Abstract Chronic hepatitis C virus (HCV) infection often causes end stage liver disease. Although current anti-HCV drugs are successful in eliminating viral RNA load, they do not prevent reinfection. In addition, eliminating HCV RNA load does not reduce the risk for progression to end stage liver disease. Therefore, the urgent need for the development of a comprehensive strategy to control HCV infection must include a vaccine. HCV envelope glycoproteins are the key components for the initiation of viral infection. Our phase I safety and immunogenicity trial of a recombinant HCV envelope glycoprotein candidate vaccine did not induce a strong immune response in most vaccinated volunteers. Subsequent studies indicated that purified HCV E2 has an immunoregulatory role and biases primary macrophage activation toward the M2 phenotype (via E2-CD81 interactions), impairs DC/CD4+T cell functions, and leads to an environment for a muted response to antigen. Nevertheless, HCV E2 still contains strong cross-genotype specific B- and T-cell epitopes vital to an active immunity. We hypothesize that modifying E2 by discrete point mutations to inhibit interaction with CD81 will improve immune functions and induce robust protective responses in combination with other HCV regions as candidate vaccine, and will generate stronger protective efficacy. Outstanding abilities of nucleoside modified mRNA-lipid nanoparticle (LNP) to elicit potent immune responses against pathogens makes it a viable new cost-effective platform for vaccine development. The incorporation of modified nucleosides in the mRNA will offer advantages for generation of modified antigens to induce a broad effective immune response. The premise and rigor of the study stems from our own work, and information in the literature. Thus, the use of nanoparticle encapsulated mRNA of modified E2 for stronger immunogenicity together with other viral antigens (E1 and non-structural (NS) genomic regions) for prime and boost with proteins/peptides as a candidate vaccine for HCV cross protective efficacy will generate robust B- and T- cell responses for protection against HCV. The results from our study will advance vaccine development against persistent HCV infection.

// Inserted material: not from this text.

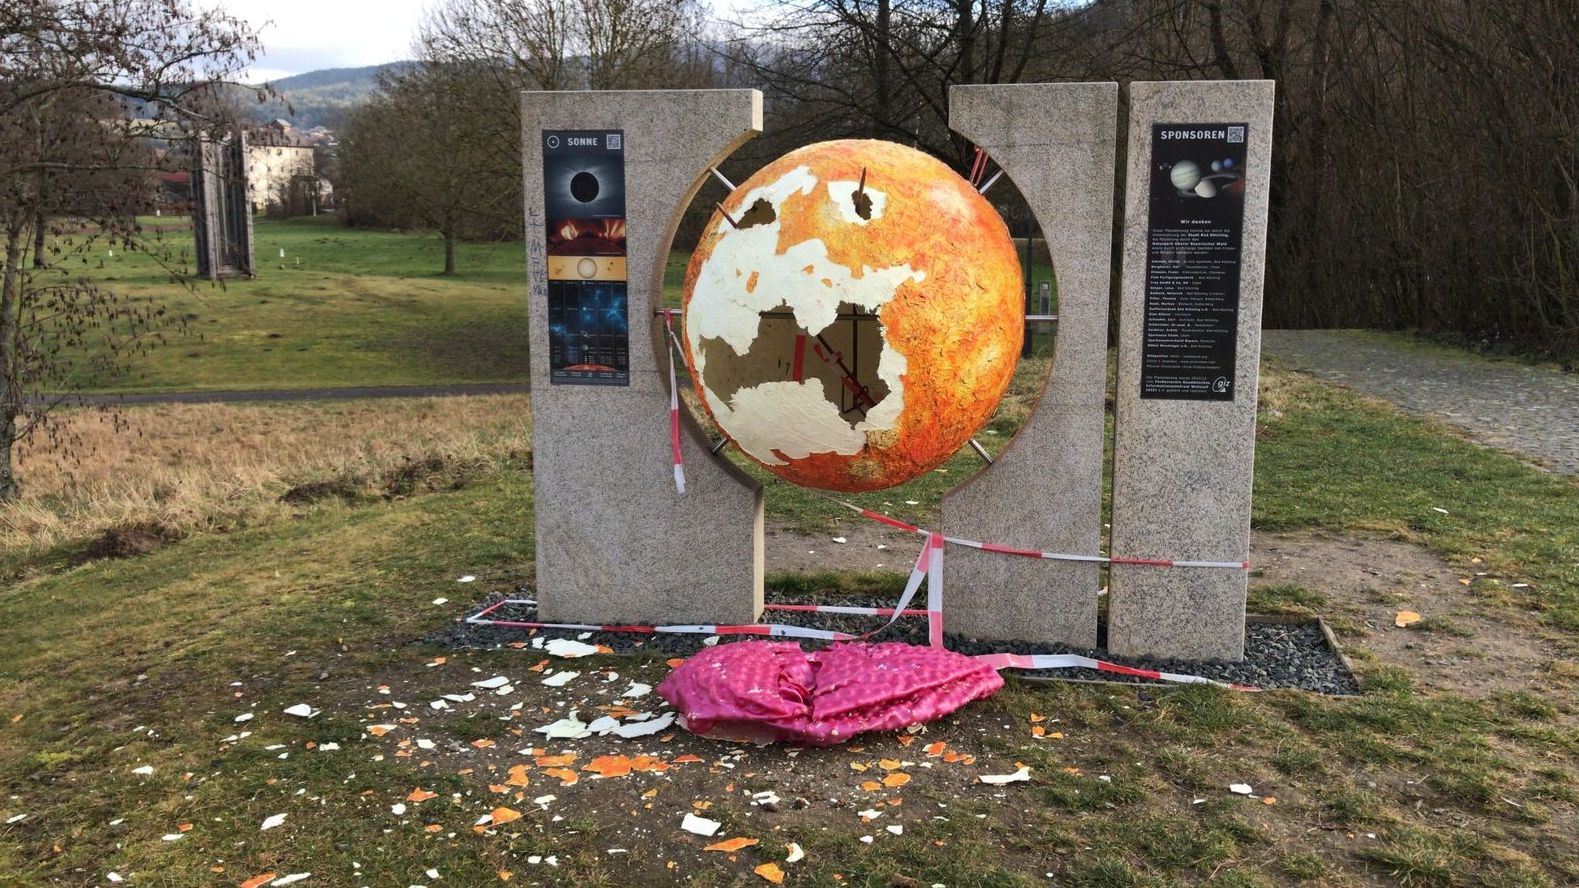 """Die zerstörte """"Sonne"""" am Startpunkt des Planetenwegs im Bad Kötztinger Kurpark"""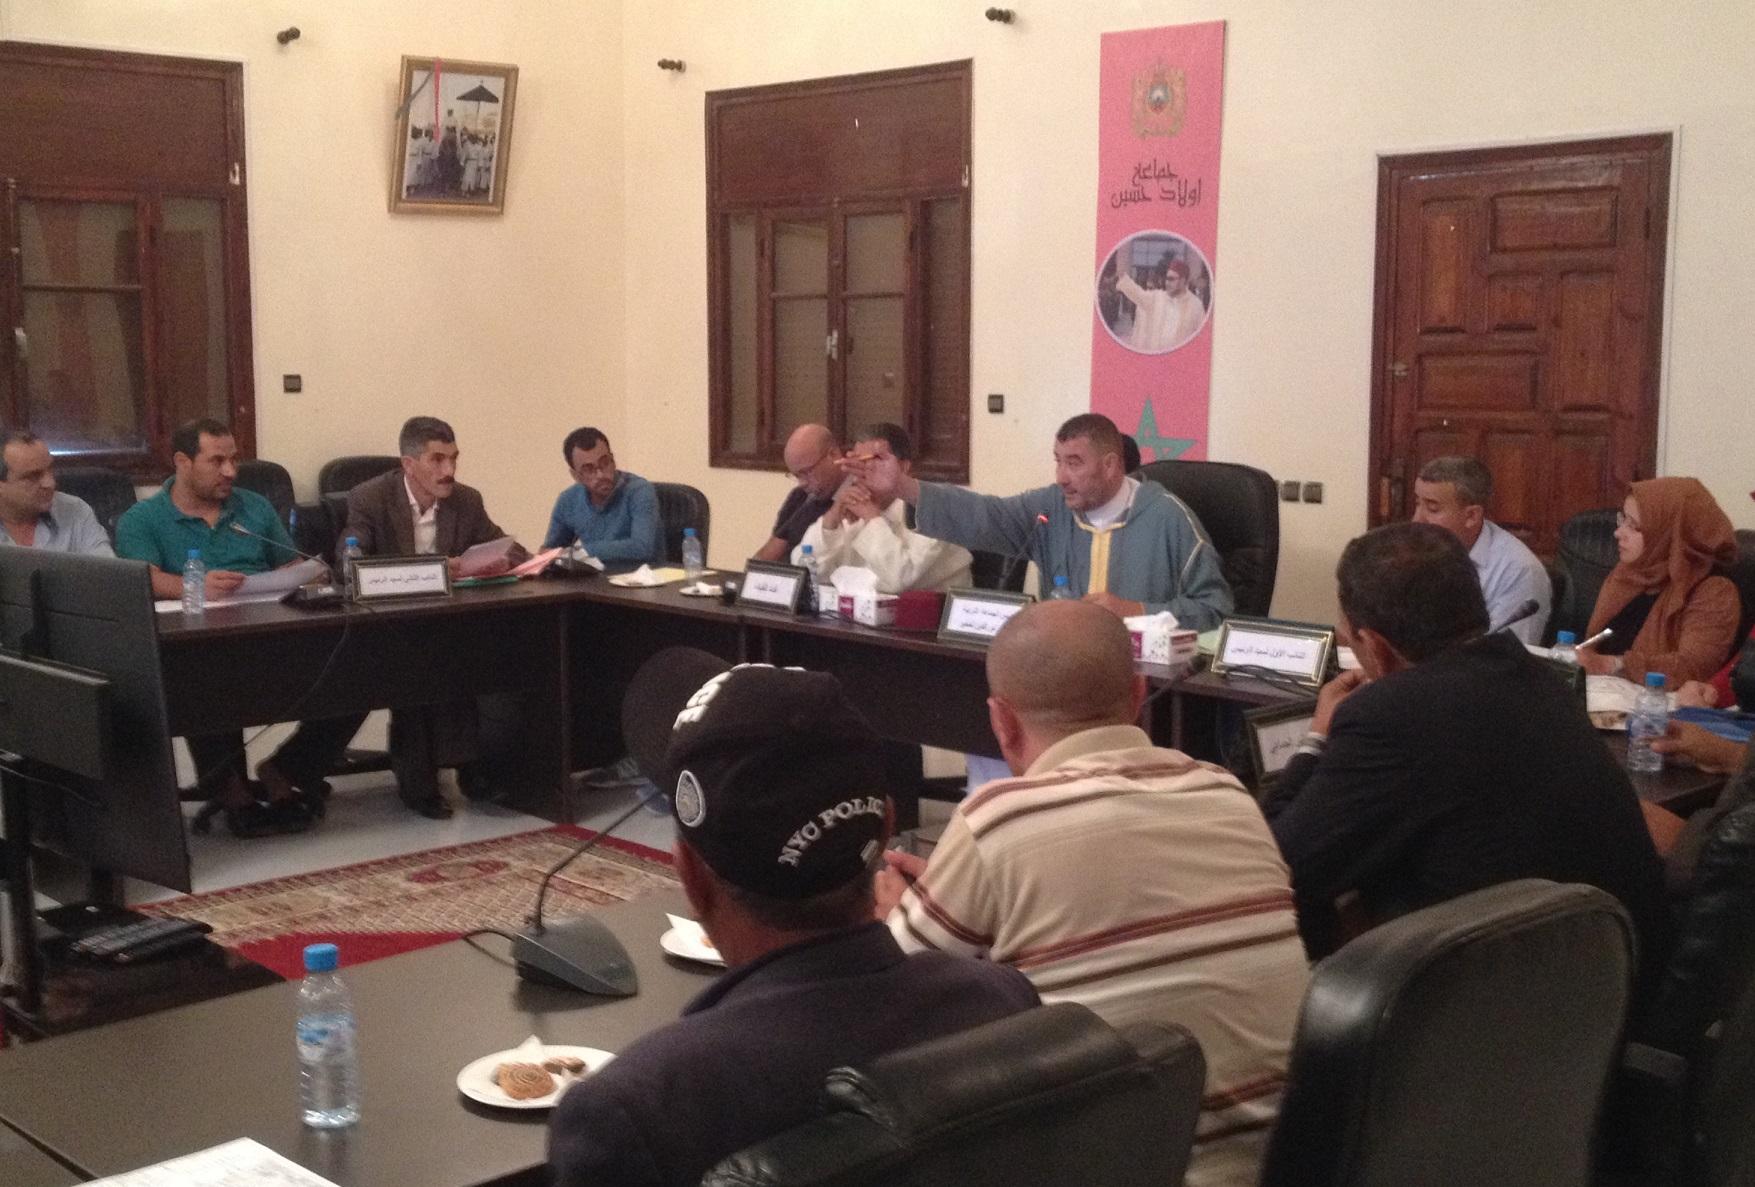 المجلس الجماعي لأولاد أحسين يصوت بالإجماع على مشروع تصميم التهيئة لمركز الجماعة

抽象的 慢性丙型肝炎病毒（HCV）感染通常会引起终末期肝病。虽然当前的抗HCV 药物成功地消除了病毒RNA负荷，不会防止再感染。另外，消除 HCV RNA负荷不会降低进展终止肝病的风险。因此，紧急 制定控制HCV感染的综合策略的需求必须包括疫苗。 HCV 包膜糖蛋白是启动病毒感染的关键成分。我们的第一阶段安全和 重组HCV包膜糖蛋白候选疫苗的免疫原性试验不会引起强 大多数接种志愿者的免疫反应。随后的研究表明，纯化的HCV E2具有 免疫调节作用并偏向于M2表型的原发性巨噬细胞激活（通过E2-CD81 相互作用），损害直流/CD4+T细胞功能，并导致环境，以使其对 抗原。然而，HCV E2仍然包含强大的跨基因型特异性B-和T细胞表位对 主动免疫。我们假设通过离散点突变来修改E2以抑制与 CD81将改善免疫功能并诱导强大的保护反应与其他HCV 地区作为候选疫苗，将产生更强的保护功效。出色的能力 核苷改性的mRNA-脂质纳米颗粒（LNP）引发针对病原体的有效免疫反应 使其成为疫苗开发的可行的新成本效益平台。修改后的融合 mRNA中的核苷将为生成改性抗原提供优势，以诱导广泛的有效性 免疫反应。研究的前提和严格源于我们自己的工作，以及 文学。因此，使用纳米颗粒封装了改性E2的mRNA，以实现更强的免疫原性 与其他病毒抗原（E1和非结构性（NS）基因组区域）一起用于素数，并与 蛋白质/肽作为HCV交叉保护功效的候选疫苗将产生强大的B-和T细胞 为防止HCV提供的响应。我们研究的结果将推进疫苗开发 持续的HCV感染。